Fredric Michael "Fred" Lynn (born February 3, 1952) is a former center fielder in Major League Baseball who played for the Boston Red Sox (1974–1980), California Angels (1981–1984), Baltimore Orioles (1985–1988), Detroit Tigers (1988–1989) and San Diego Padres (1990). He is best known for being the first player to win the Rookie of the Year award and MVP in the same season.

Lynn was inducted into the Boston Red Sox Hall of Fame in 2002 and to the College Baseball Hall of Fame in 2007.[1]


  • Professional career 1
    • Boston Red Sox 1.1
    • California Angels 1.2
    • Baltimore Orioles 1.3
    • Detroit Tigers and San Diego Padres 1.4
    • Career statistics 1.5
    • After baseball 1.6
  • See also 2
  • References 3
  • External links 4

Professional career

Boston Red Sox

After graduation from USC, Lynn started his career for the Red Sox with a 1975 season in which he won the Most Valuable Player and Rookie of the Year awards, the first player to win both in the same season. (The feat was duplicated by then-Seattle Mariners right fielder Ichiro Suzuki in 2001.) Lynn and fellow rookie outfielder Jim Rice were dubbed as the "Gold Dust Twins". In 1975, Lynn led the American League in doubles, runs scored and slugging percentage, finished second in the batting race with a .331 average, and won a Gold Glove Award for his defensive play.
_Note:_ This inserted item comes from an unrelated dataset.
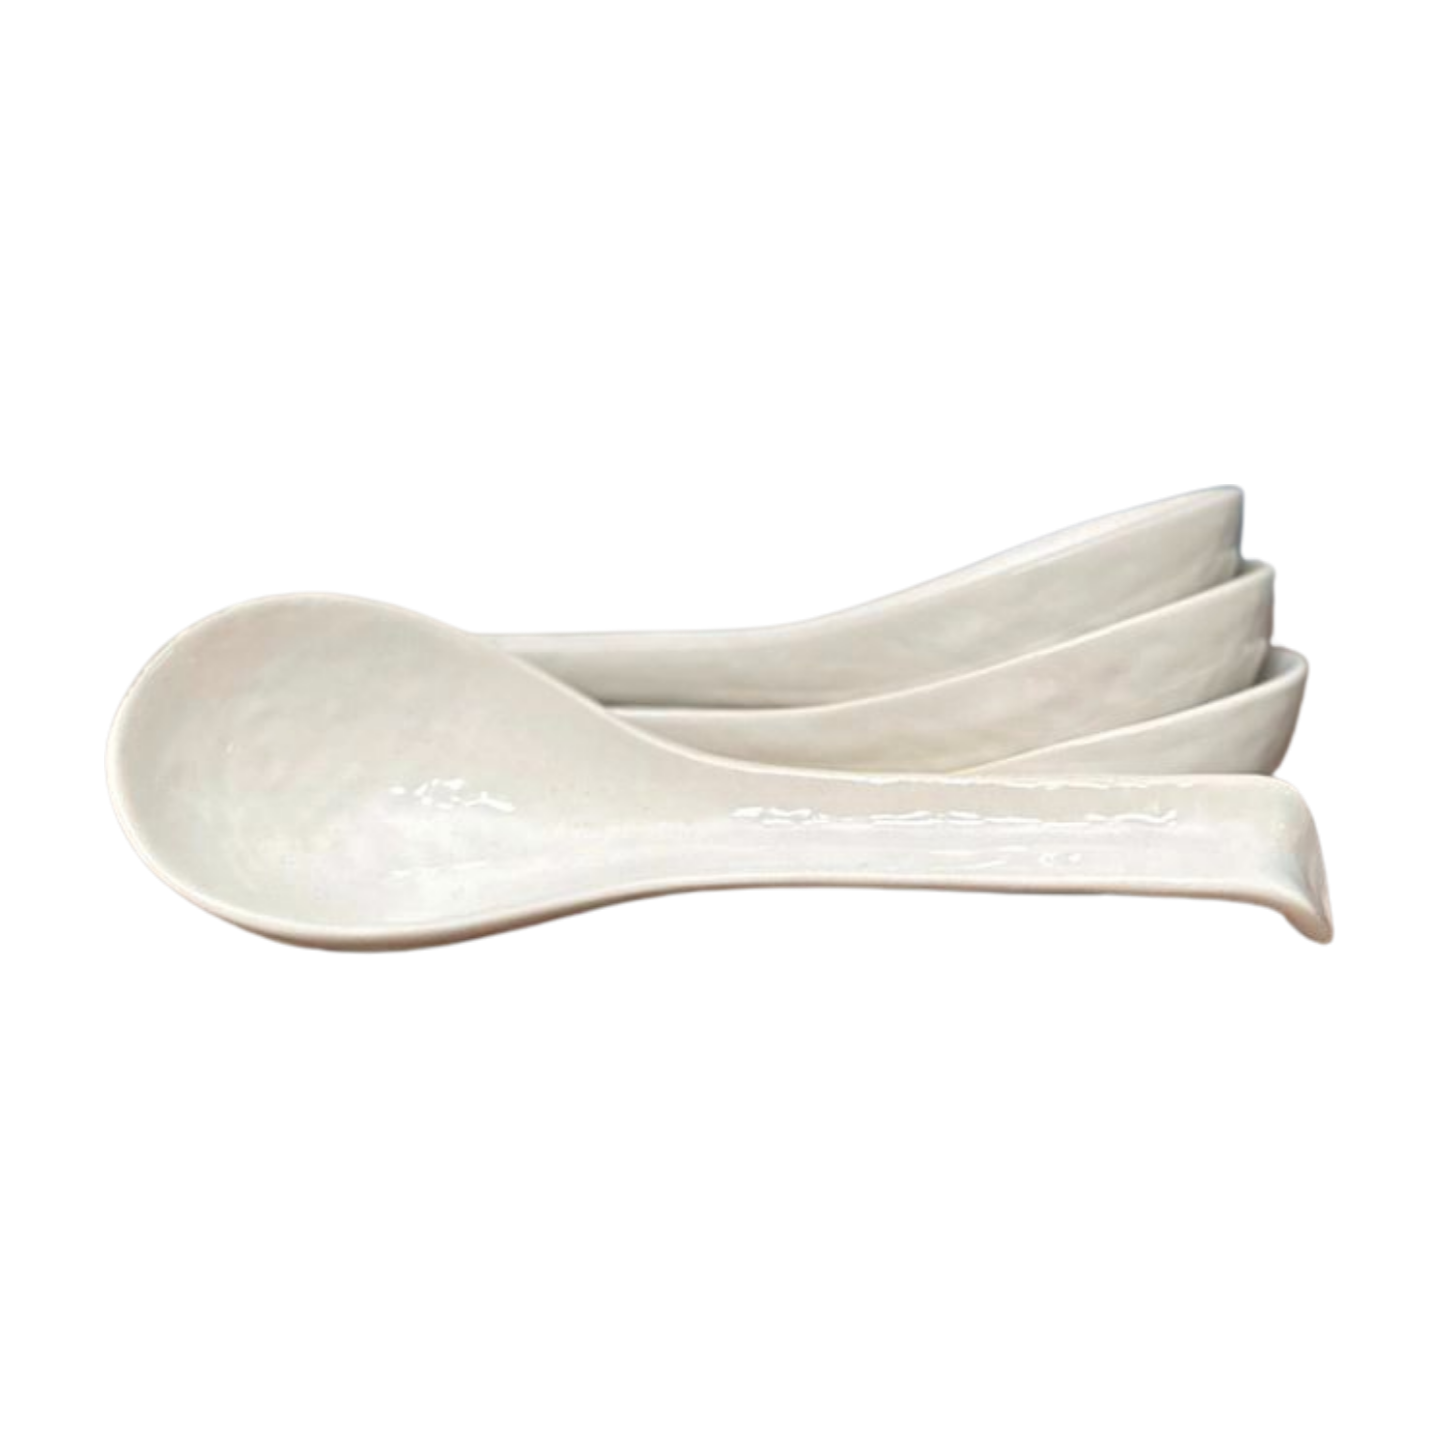 Set of stacked Japanese Soup Spoons in white.

On June 18 at Tiger Stadium, he hit three home runs, had 10 RBI, and 16 total bases in one game.

Fred Lynn's career was hampered by some injuries caused by fearless play, such as a broken rib from crashing into an outfield wall, or knee injuries from breaking up double plays,and playing all out defensively. Lynn won three more Gold Gloves in 1978-80 and finished fourth in the 1979 MVP voting; he won the AL Batting title in that same year. ( 1979) while being elected to the All-Star team every year with the Red Sox, and nine time All Star over his career. He hit a home run in 3 different All-Star games for the Red Sox, in 1976, 1979, and 1980 and hit the only Grand Slam in All Star history in 1983.

California Angels

The Red Sox traded him along with Steve Renko to the Angels for Frank Tanana, Jim Dorsey and Joe Rudi after the 1980 season.[2] He never hit over .300 again. Lynn did go on to hit more than 20 home runs in six consecutive seasons starting in 1982, and was selected MVP of the 1982 American League Championship Series, the first player from the losing team ever selected. In 1983, he hit the only grand slam in All-Star history and was named MVP after being elected to the team for the ninth consecutive year. His four home runs in All-Star games is second only to Stan Musial.
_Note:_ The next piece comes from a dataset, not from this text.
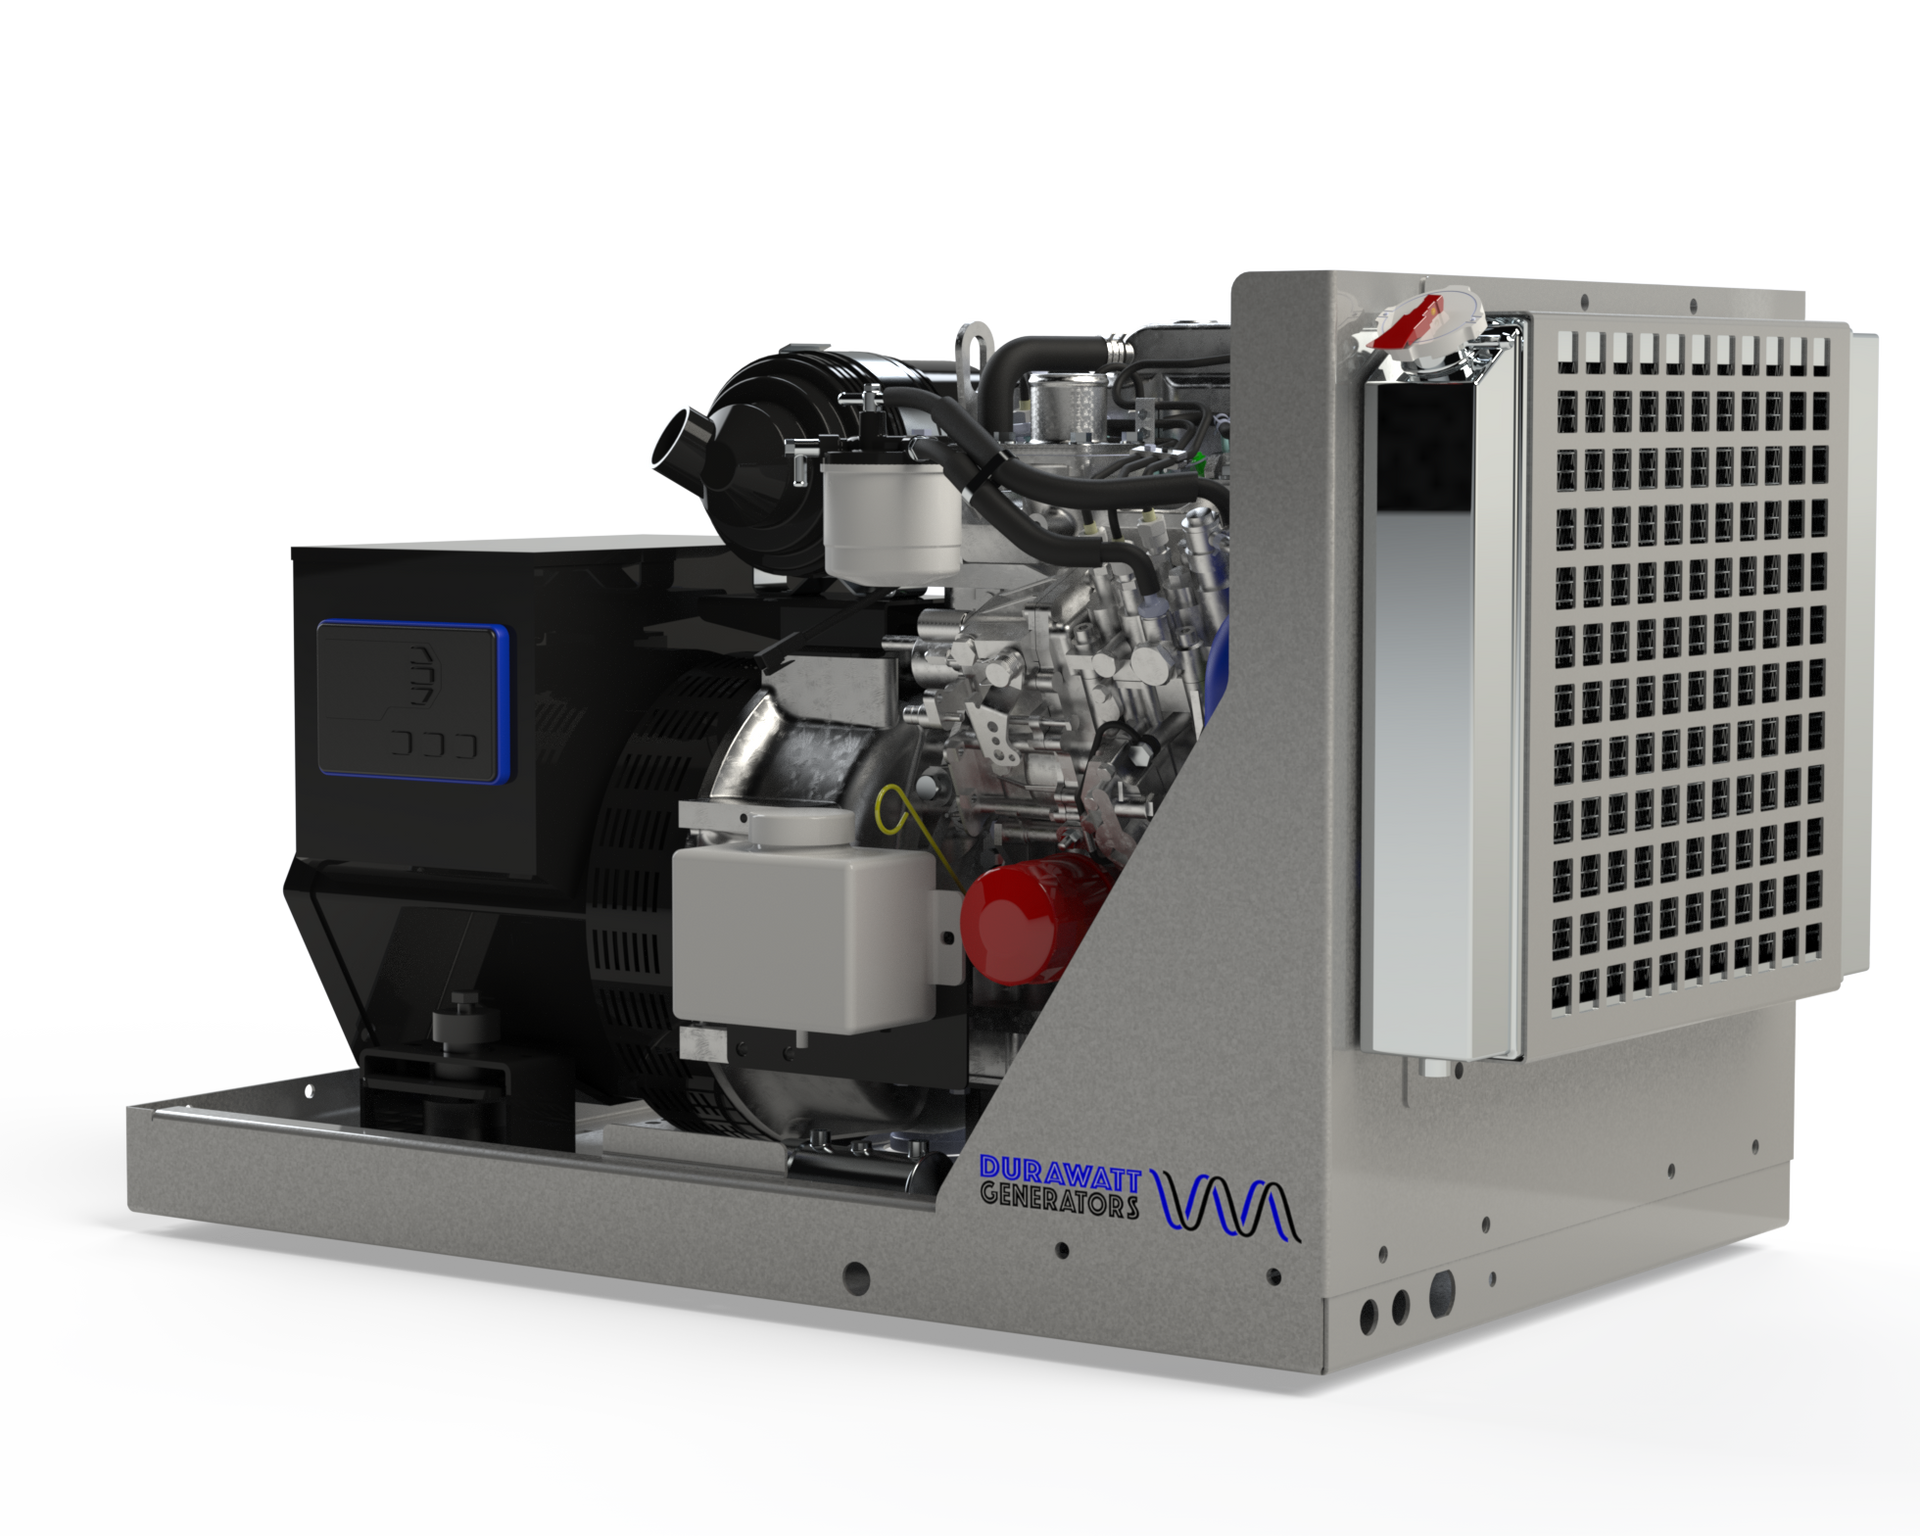 DuraWatt Generators is the largest manufacturer of custom diesel generators for food trucks, motorcoaches and backup power systems.

In 1981, Lawrence Ritter and Donald Honig included him in their book The 100 Greatest Baseball Players of All Time.

Baltimore Orioles

Following the 1984 season, Lynn signed with the Orioles, who signed numerous free agents in the mid-1980s in an ultimately unsuccessful effort to win another World Series after their 1983 title. Lynn never played more than 150 games in a season and only topped 140 games four times. From 1982-1988, his home run totals were 21-22-23-23-23-23-25. His four consecutive years with exactly 23 home runs tied Ken Boyer (24 each year for Cardinals from 1961–1964) for most consecutive years with exactly the same number of home runs (based on 20 or more home runs); Adam Dunn later matched this mark with 40 each year from 2005-2008.

Detroit Tigers and San Diego Padres

Detroit acquired Lynn for their 1988 pennant drive, which also proved unsuccessful. There was some initial controversy with this trade; though the trade was made on the day of the trading deadline, while Lynn was en route to Detroit, he was technically not in "Detroit airspace" when the deadline passed, so he was ruled ineligible for the postseason. MLB Commissioner Fay Vincent later overruled this decision, declaring that as long as the transaction was completed by the deadline, the player need not physically be in the new team's city to be eligible to play in the playoffs. Following a disappointing 1989 season, Lynn ended his career with one season in San Diego (1990), retiring at the age of 38.

Career statistics

His 306 career home runs place him ninth among center fielders, behind Willie Mays, Ken Griffey, Jr., Mickey Mantle, Duke Snider, Dale Murphy, Joe DiMaggio, Jim Edmonds, and Andruw Jones.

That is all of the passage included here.